Interpreting House Auction Clearance Rate
The auction clearance rate is the most commonly quoted indicator on the performance of the real estate market. Simplistically, if the clearance is high, the market is doing okay. If the clearance rate is low, say below 50%, the market is in trouble.
Prior to looking at the accuracy of the auction clearance rate as a market guide, it’s worth looking at how and why the clearance rate has become the indicator of choice, over all others.
Getting reliable and accurate data on the real estate market is near impossible. Unlike the stock market which is dynamic and real time in the manner it reflects price, the reporting of results in real estate is cumbersome and slow. There is no centralised point or organisation where all sales results are collated, to offer accurate and insightful perspective on how the market is performing, at that point in time.
Sales results are only publicly available upon settlement of the sale. The actual exchange of contracts could have happened 3 or 4 months prior to the result being reported.
The only way to have total clarity in the real estate market is if it were compulsory for every transaction to be reported at the time of sale, to a centralised reporting point. The market could then be assessed in real time. A good idea in theory. But the desire for accuracy in the market clashes with an individual’s right to privacy and anonymity in regards to their personal affairs.

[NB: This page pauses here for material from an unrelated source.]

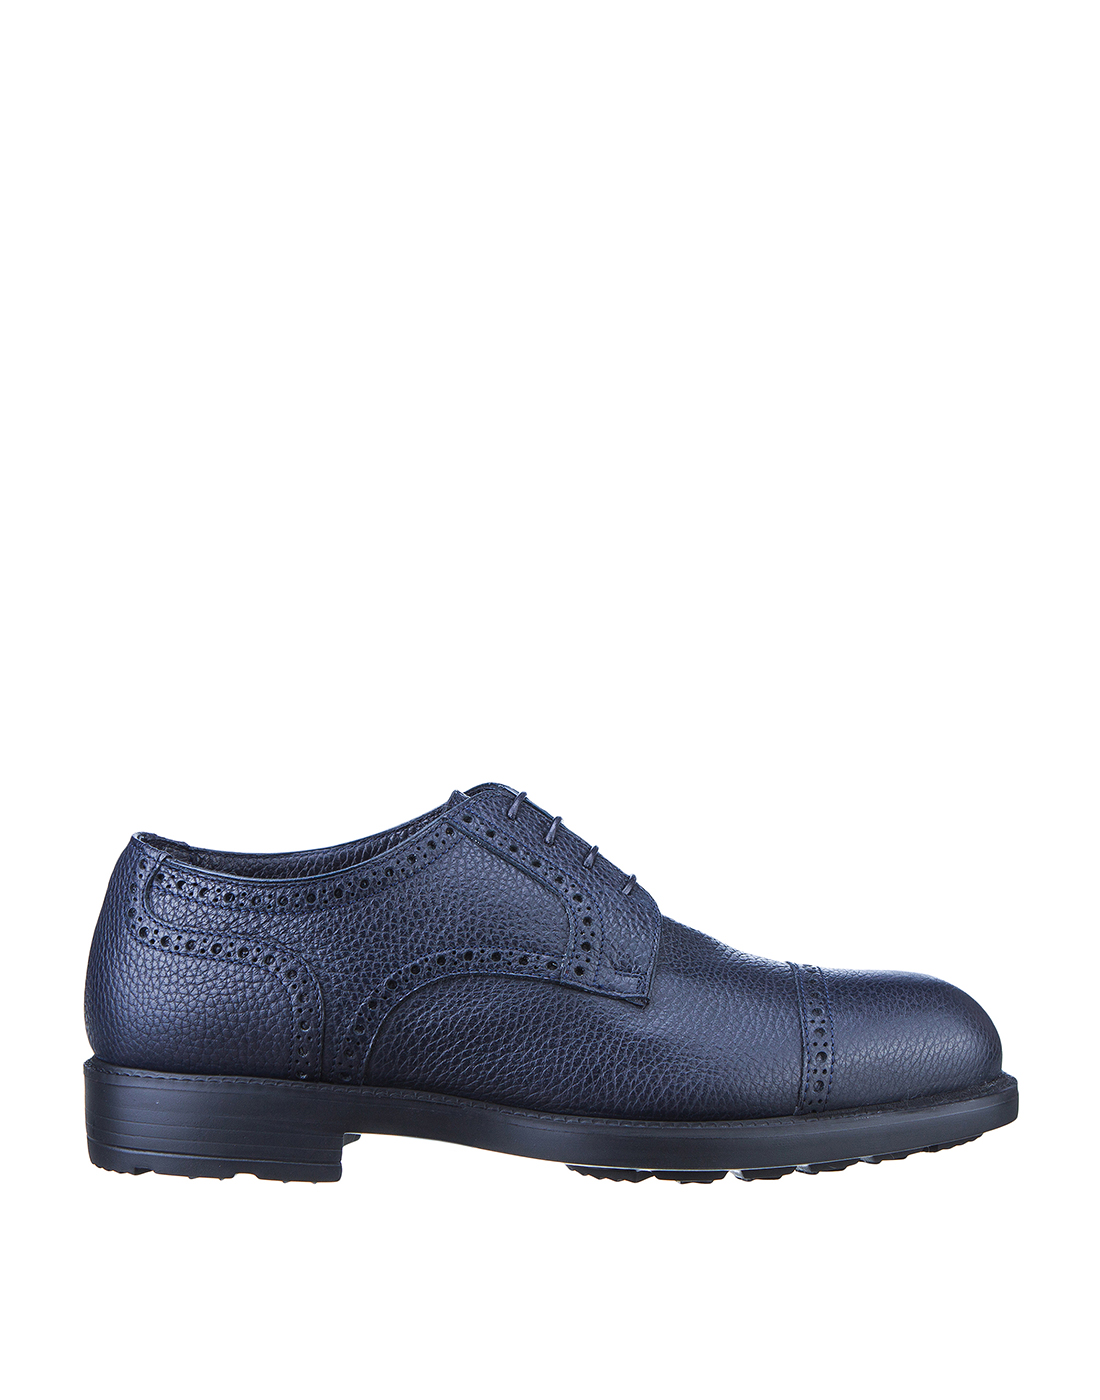 Туфли синие мужские Moreschi S43251-1

Therefore the auction clearance rate is used as a key market indicator of the real estate market, first and foremost because it is in real time. The weekend auction results are collated from across the city on Saturday night and carried by the media in the Sunday and Monday press.
Pundits stroke their chin drawing conclusions on what can be read into the week’s auction results. Economists, market watchers, the media at large and consumers draw sweeping comments and conclusions. Interpreting the Auction Clearance Rate.
So what does the auction clearance rate really tell us each week?
It informs us to the percentage of buyers that have offered a price that the seller found acceptable. In isolation, a high clearance rate does not suggest that prices are rising or falling. It does not suggest that the seller got a good or a bad price, it simply tells you what percentage of sellers got an acceptable price – a buyer that met their reserve price. If the market is falling, buyers will be reluctant to meet the seller’s reserve price, causing the auction clearance rate to drop. This is why a low clearance rate is loosely seen as an indicator of a soft or falling market.
If the market is rising, buyers will happily pay the seller’s reserve and more if that is what’s required to be the highest bidder. High clearance rates and stories of properties selling above the reserve price are all symptoms of a rising market. Given the reserve price is the sellers bottom line and is set by the seller; it can be a mistake to over analyse the auction clearance rate as a key market indicator. Certainly, if all auction campaigns were reported, the auction clearance rate has a place as a market indicator.
The waters of accuracy are muddied though when agents fail to report failed auction campaigns in order to bump up the clearance rate.
To further illustrate why the auction clearance rate is a poor market indicator of the real estate market, you only need to look at the number of properties that sell by negotiation as opposed to public auction. In most areas, the number of auction sales represents about 30% of all transactions. This is a statistical fact, not a personal opinion. It is a little secret the real estate industry tends to brush under the carpet.
As either a buyer or a seller, to accurately gauge the market conditions, on a local level, attend inspections and auctions to see for yourself what is really happening in the market. It is time consuming, but the more closely you follow the stock on market and subsequent sales results, the better read you will have on the current market conditions. It is better to invest the time and energy getting the facts rather than being potentially misled by industry spin.